#### Material provided ####

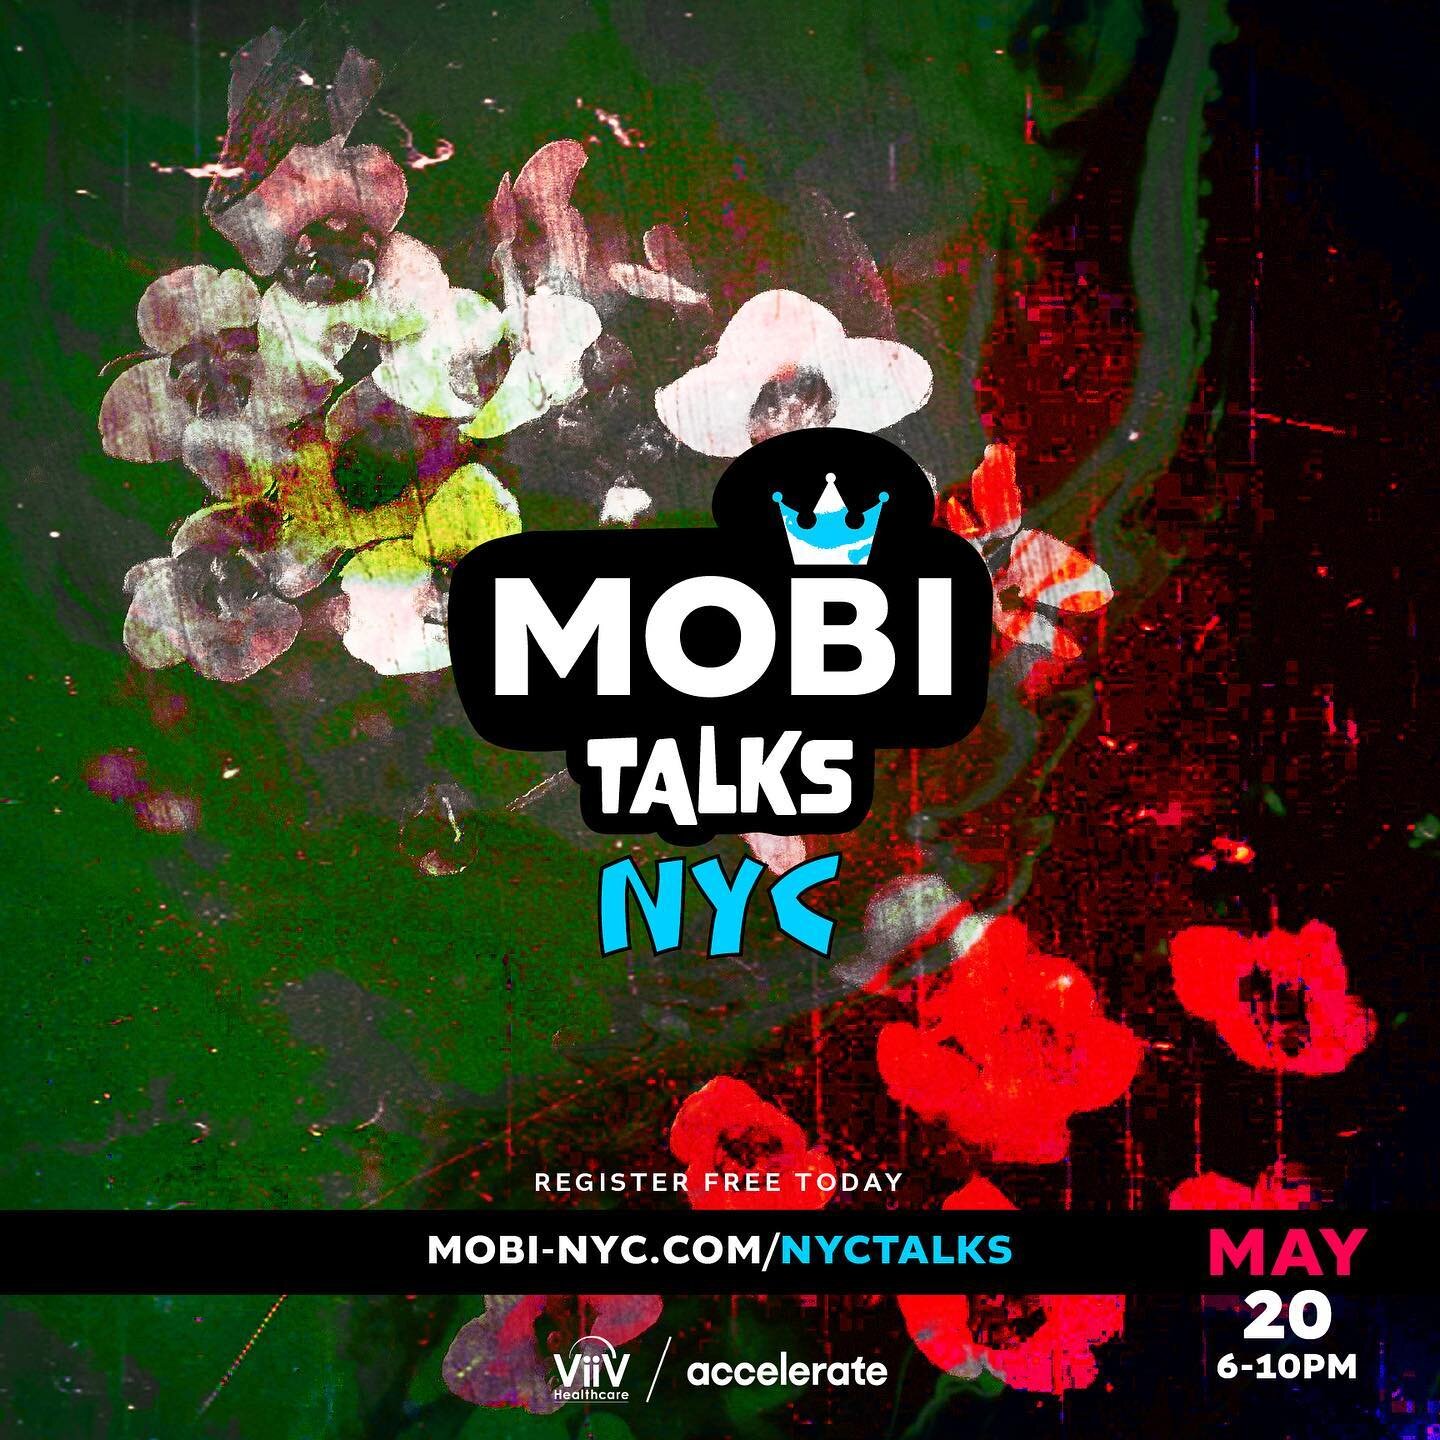 Next Stop on The MOBITALKS Tour&hellip;.
NEW YORK CITY! ✨😼🤞🏾 A Fav!!
In less than A Month, May 20th
(6-10PM)

An intimate evening experience! 
REGISTRATION OPEN ⬇️
mobi-nyc.com/nyctalks 

#nyc #MOBITALKS #conversation #intimacy #engagement #commun

####

Exercise directions - Your response must reproduce every line of the data exactly, with images omitted.

Output for this exercise -
 Next Stop on The MOBITALKS Tour&hellip;.
NEW YORK CITY! ✨😼🤞🏾 A Fav!!
In less than A Month, May 20th
(6-10PM)

An intimate evening experience! 
REGISTRATION OPEN ⬇️
mobi-nyc.com/nyctalks 

#nyc #MOBITALKS #conversation #intimacy #engagement #commun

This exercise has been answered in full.